The aim is to scrape a website and convert the data extracted into a csv file

##Hacker News

The website selected for the scraping is a tech-news website, which contains daily news articles about various technologies.
* The main webpage of the site contains titles, links and the votes which are given by the readers.

* We are going to scrape the website for the titles of the articles and their respective links and votes.

* We are going to sort the articles bases on the highest votes polled.

In [1]:
import requests
from bs4 import BeautifulSoup
import pprint
#res is request to get the first page of the website
res = requests.get('https://news.ycombinator.com/news')
#res2 is the request the second page of the website
res2 = requests.get('https://news.ycombinator.com/news?p=2')
soup = BeautifulSoup(res.text, 'html.parser')
soup2 = BeautifulSoup(res2.text, 'html.parser')

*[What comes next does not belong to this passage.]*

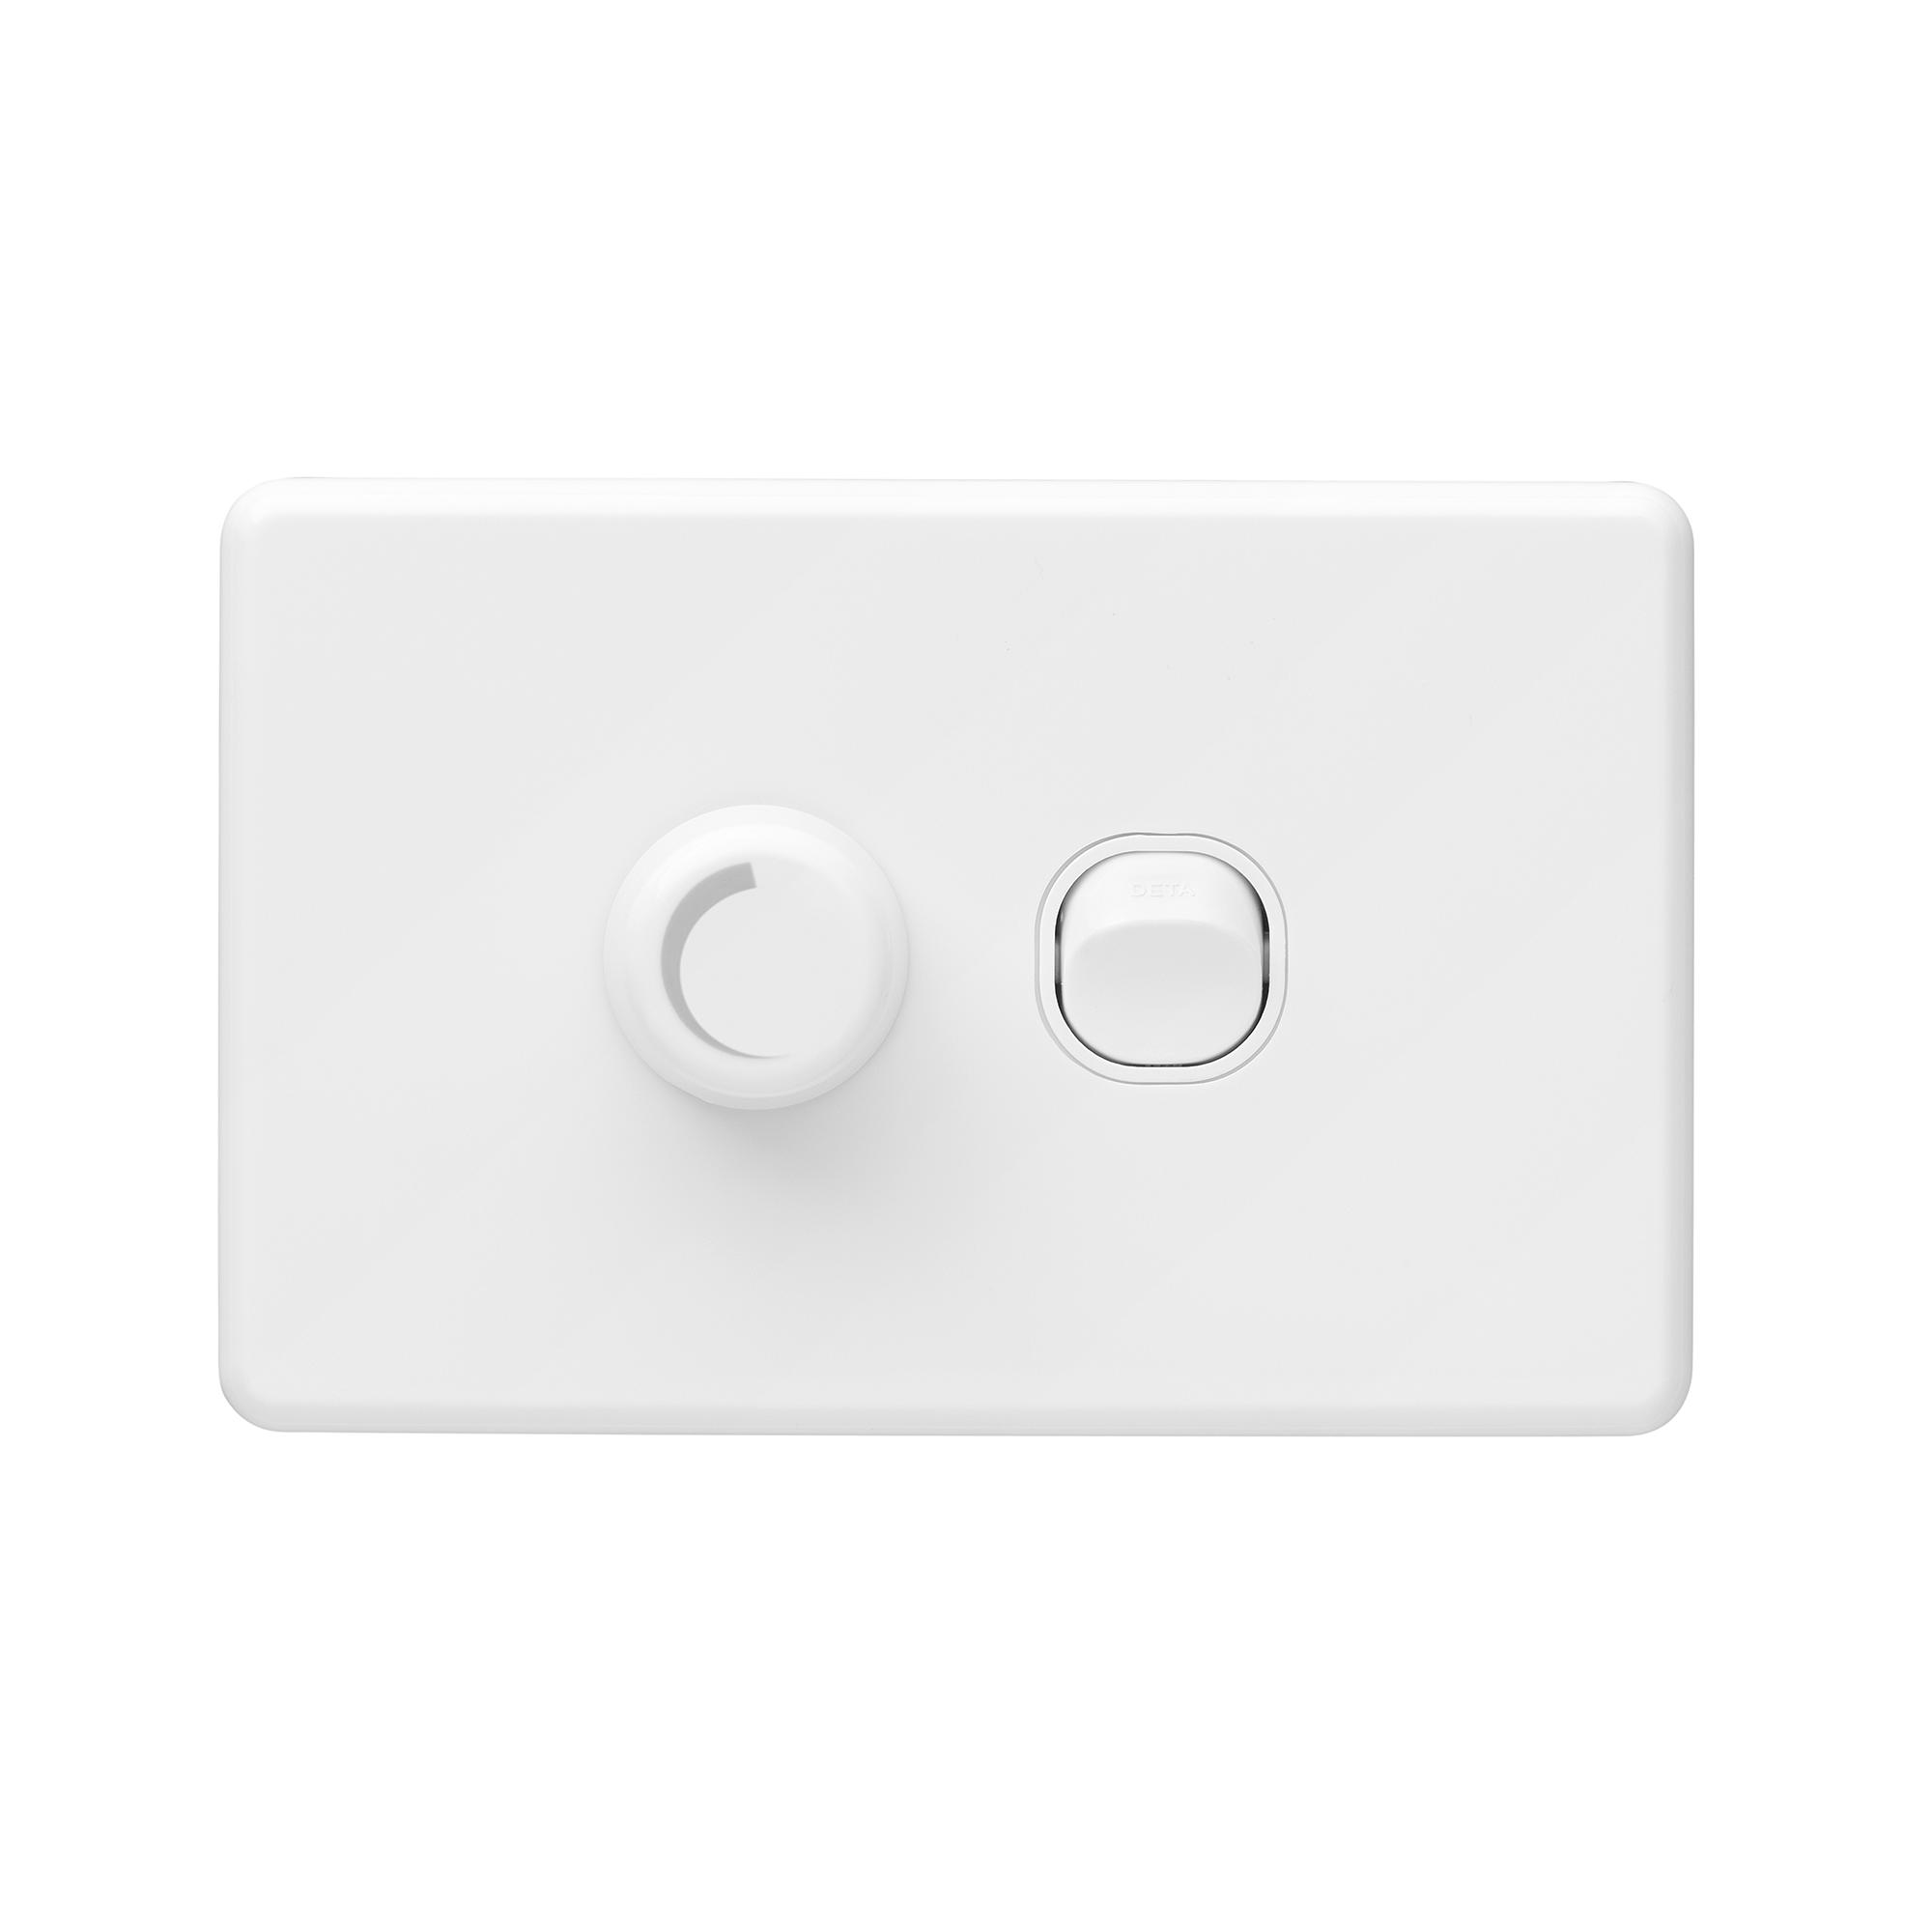 150w x6 univ electronic dimmer

links = soup.select('.titlelink') #.titlelink
#Subtext of the title of first page
subtext = soup.select('.subtext')
# titles and subtexts of the second page
links2 = soup2.select('.titlelink') #.titlelink
subtext2 = soup2.select('.subtext')
# appending the links and subtexts we obtained
mega_links = links + links2
mega_subtext = subtext + subtext2

# Sorting the articles based on the highest votes
def sort_stories_by_votes(hnlist):
  return sorted(hnlist, key= lambda k:k['votes'], reverse=True)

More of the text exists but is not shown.